While the marathon was fairly small, they also had a half
marathon, a quarter marathon, and a 5K race. The events were
well organized, and they had chip timing.
The pre-race announcements were all in Danish, so I didn’t
understand a single word. I wondered if I was
the only runner from another country. If fact, there were also two runners from Finland, one from Sweden, and one from Germany. I was the only overseas entrant. About
15 minutes before the race, they started playing music and leading runners
through a warm-up routine. That must be
a Scandinavian thing. They did the same
thing at the Midnight Sun Marathon in Norway.
The weather was excellent.
This area gets a lot of rain, but on race day we actually had sunny
skies. The temperature at the start was
60 degrees. That could have been too
warm with direct sunlight, but most of the course was shaded.
The course started and finished in front of the Hvalsø
sports hall, but in between, we did two large loops through a forest on the
south side of the town. Every kilometer
was marked, but they were counting down the remaining distance. We were barely two blocks from the sports
hall when I saw the 42 sign.
At first, we were on paved streets through the town of
Hvalsø. As we got out of town, we
entered the forest on a narrow paved road.
After about 10 minutes, we turned onto a dirt road. The course description indicated the race was
on forest roads, so I expected most of the course to be like this.
After about five kilometers, I reached the first of 10 aid
stations. After that, they were three to
four kilometers apart. That was just
frequent enough that I was able to get by without carrying a water bottle.

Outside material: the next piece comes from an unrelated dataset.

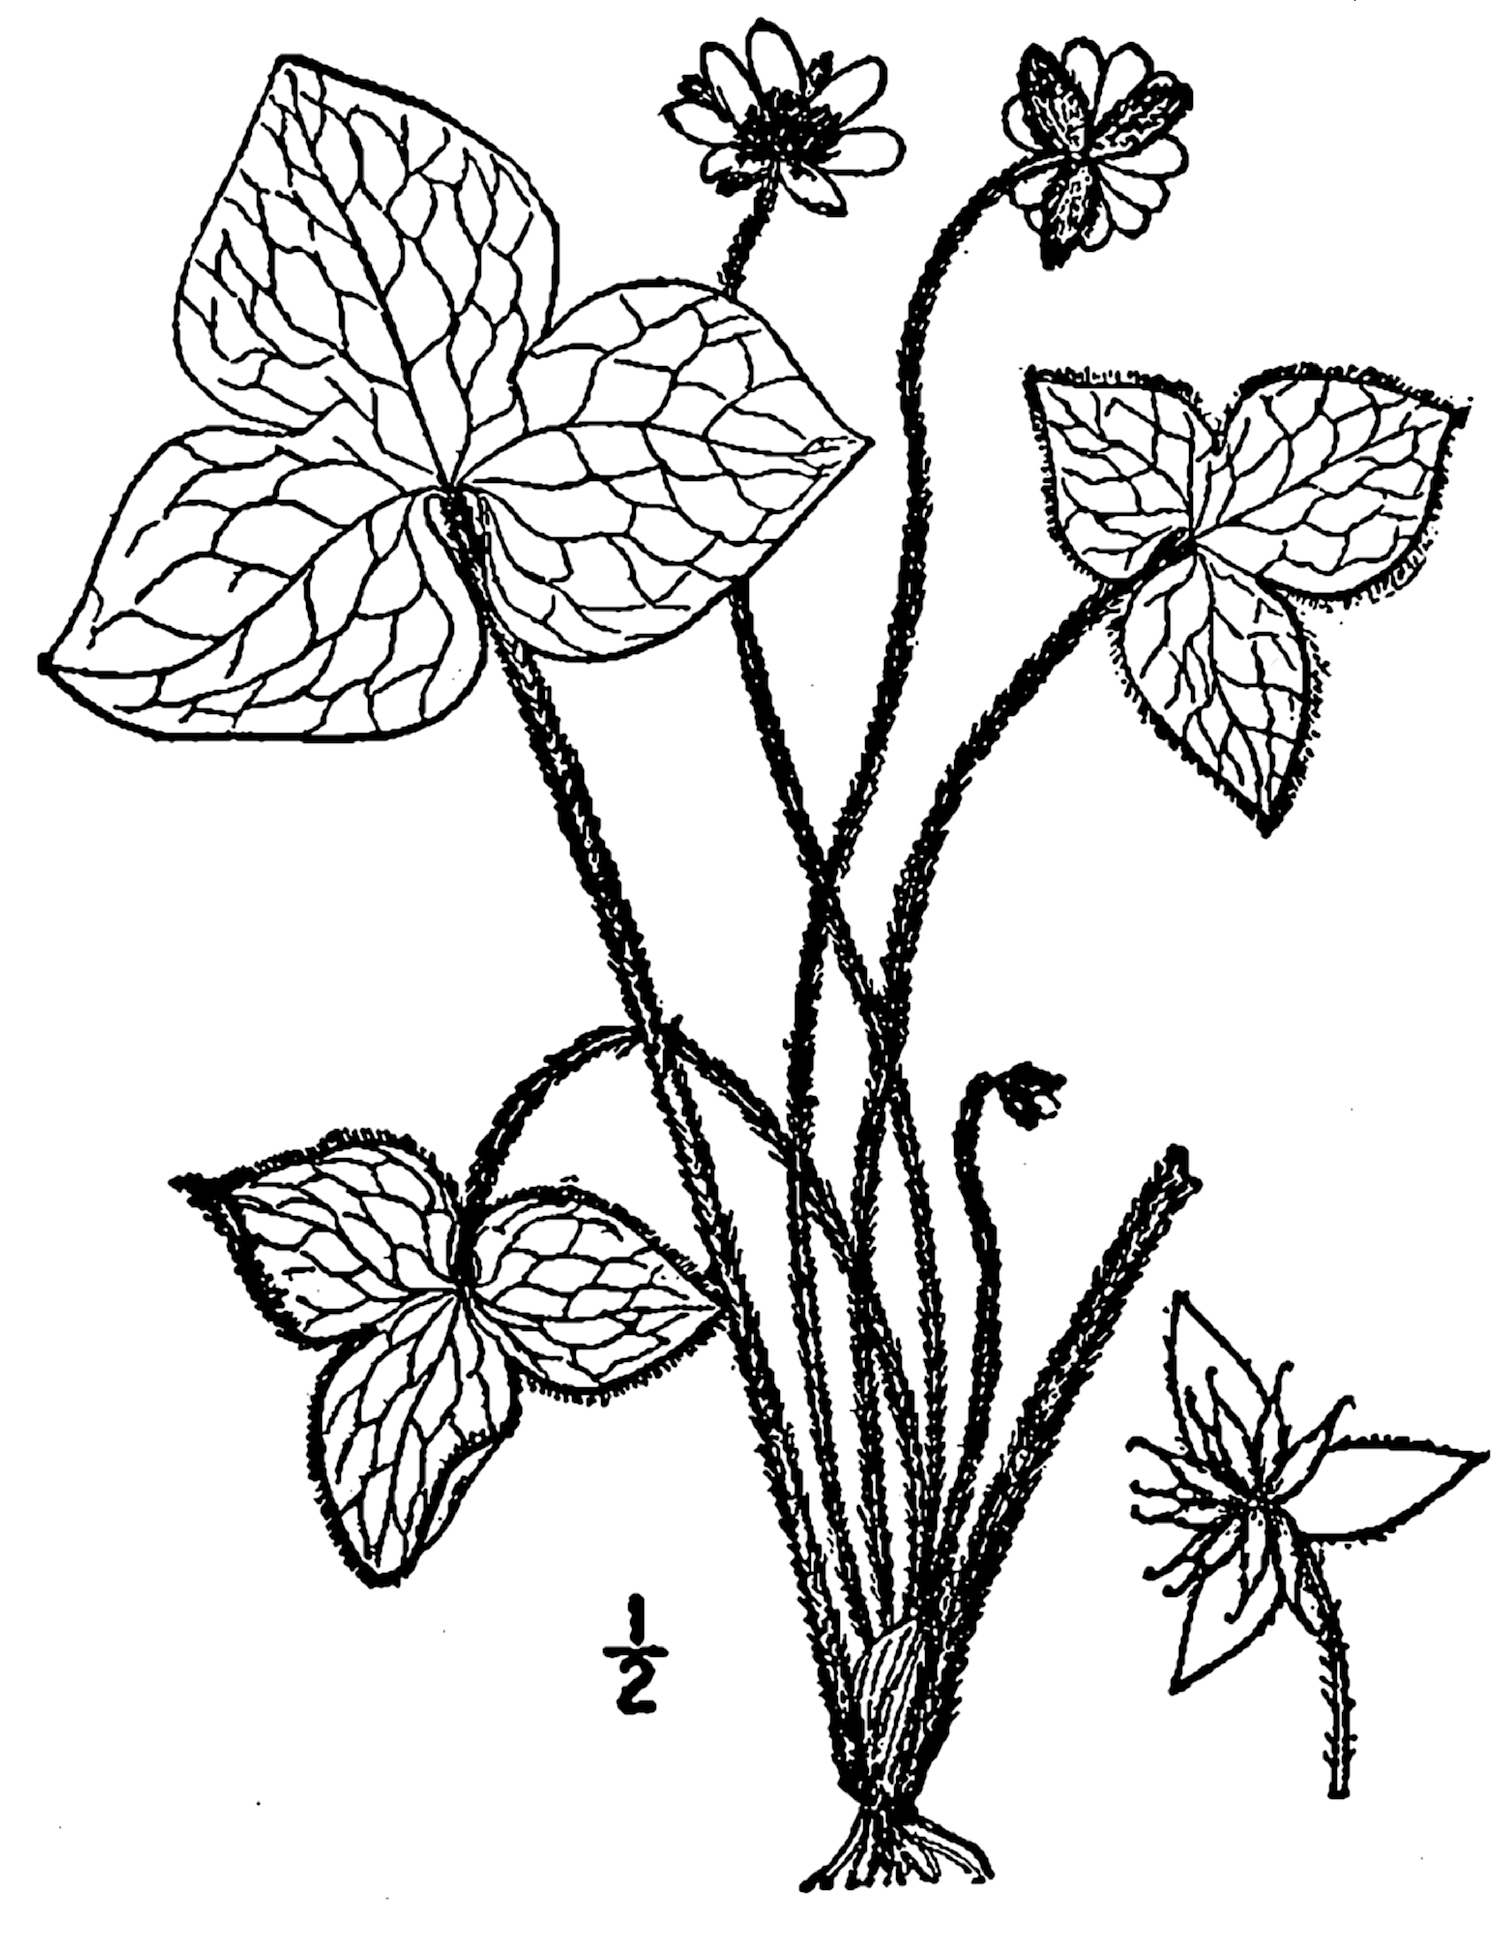 1913 Hepatica acutiloba illustration.

The terrain was gentle rolling hills. They weren’t long or steep, but we were
always going up or down. Most of the
time, we were surrounded by woods, but occasionally, we came to a cluster of
homes.
There weren’t many spectators, but the ones I saw were all
cheering enthusiastically in Danish. I
was probably the only one who didn’t know that they were saying.

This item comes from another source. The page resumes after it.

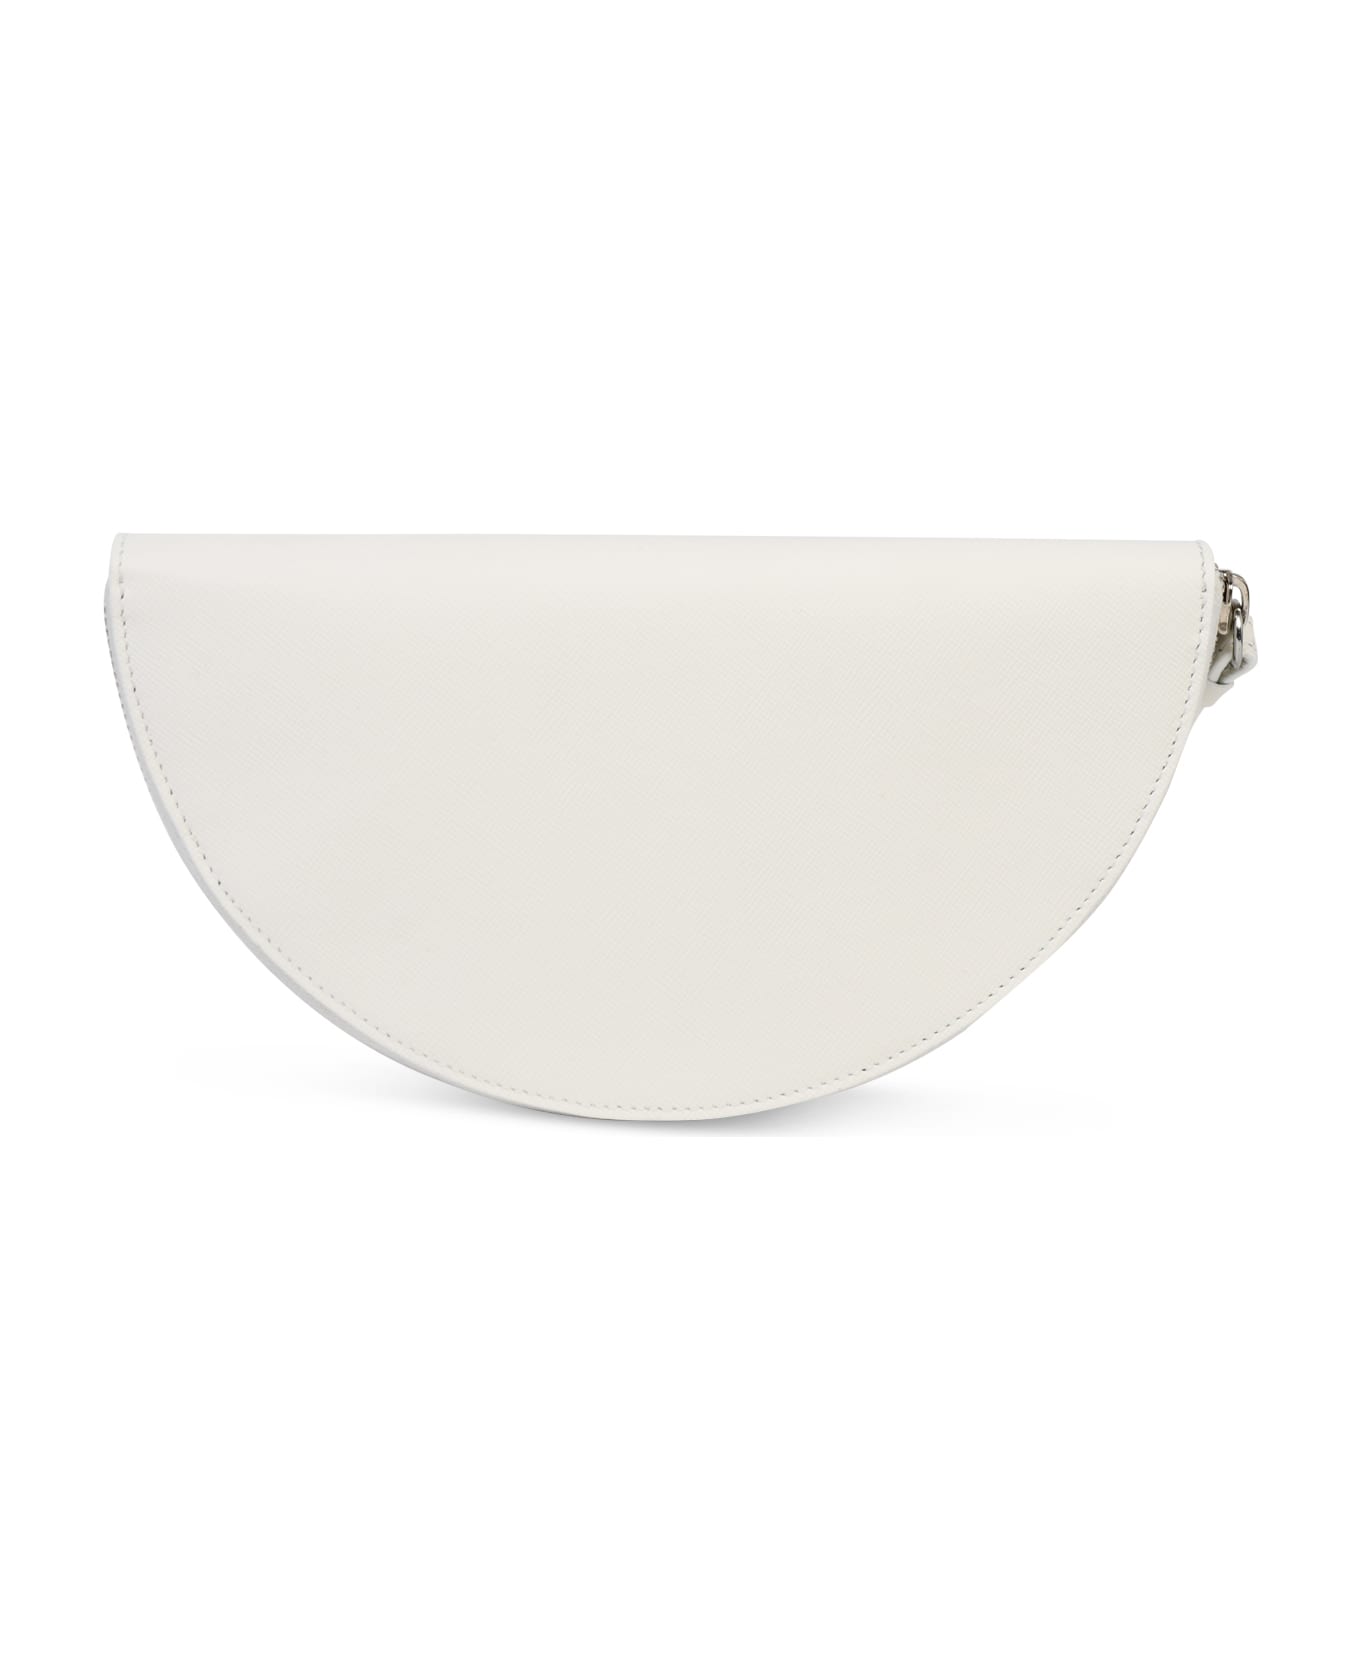 Maison Margiela White Saffiano Leather Clutch Bag - White トートバッグ

The course wasn’t all on dirt roads. More and more, I encountered sections of
single-track trail. It wasn’t too technical,
but I had to watch out for the occasional root.
There were also a few sections across meadows, where the
trail surface could best be described as trampled grass.
I find running through grass to be tiring. I began to wonder if these sections, along
with the constant undulation of the trails, would gradually wear me down. Then I remembered that I haven’t run an
entire marathon since June. I’ve done a
couple of ultras since then, but in those races I was mostly walking. My longest run in the last 10 weeks was less
than 11 miles. I wondered if my legs
would eventually get fatigued.
Early on, it seemed like I was gradually falling behind the
other runners. For a time, I didn’t see
anyone in front of me. Then I reached a
narrow section of trail where several runners got bunched up. After that, I seemed to keep up, and I even
passed a few people.
We were mostly in the woods, but I got occasional views of
lakes and ponds.
The volunteers were all cheerful. At one turn, there were two volunteers who
were singing something in Danish. I
couldn’t understand the words, but the melody sounded familiar. I think it was a disco song from the late
70s. Without hearing the words in
English, I couldn’t quite identify it.
After about 15 kilometers, I reached a hill that was steep
enough that I was persuaded to walk.
I wondered if that would establish a bad precedent. Would I now start walking all the hills? I set a goal of not walking any more hills until
the second loop. That held up for about
one kilometer. Then I reached another
steep hill. I realized this one was
steeper when I saw there were logs to prevent erosion. I walked this hill too.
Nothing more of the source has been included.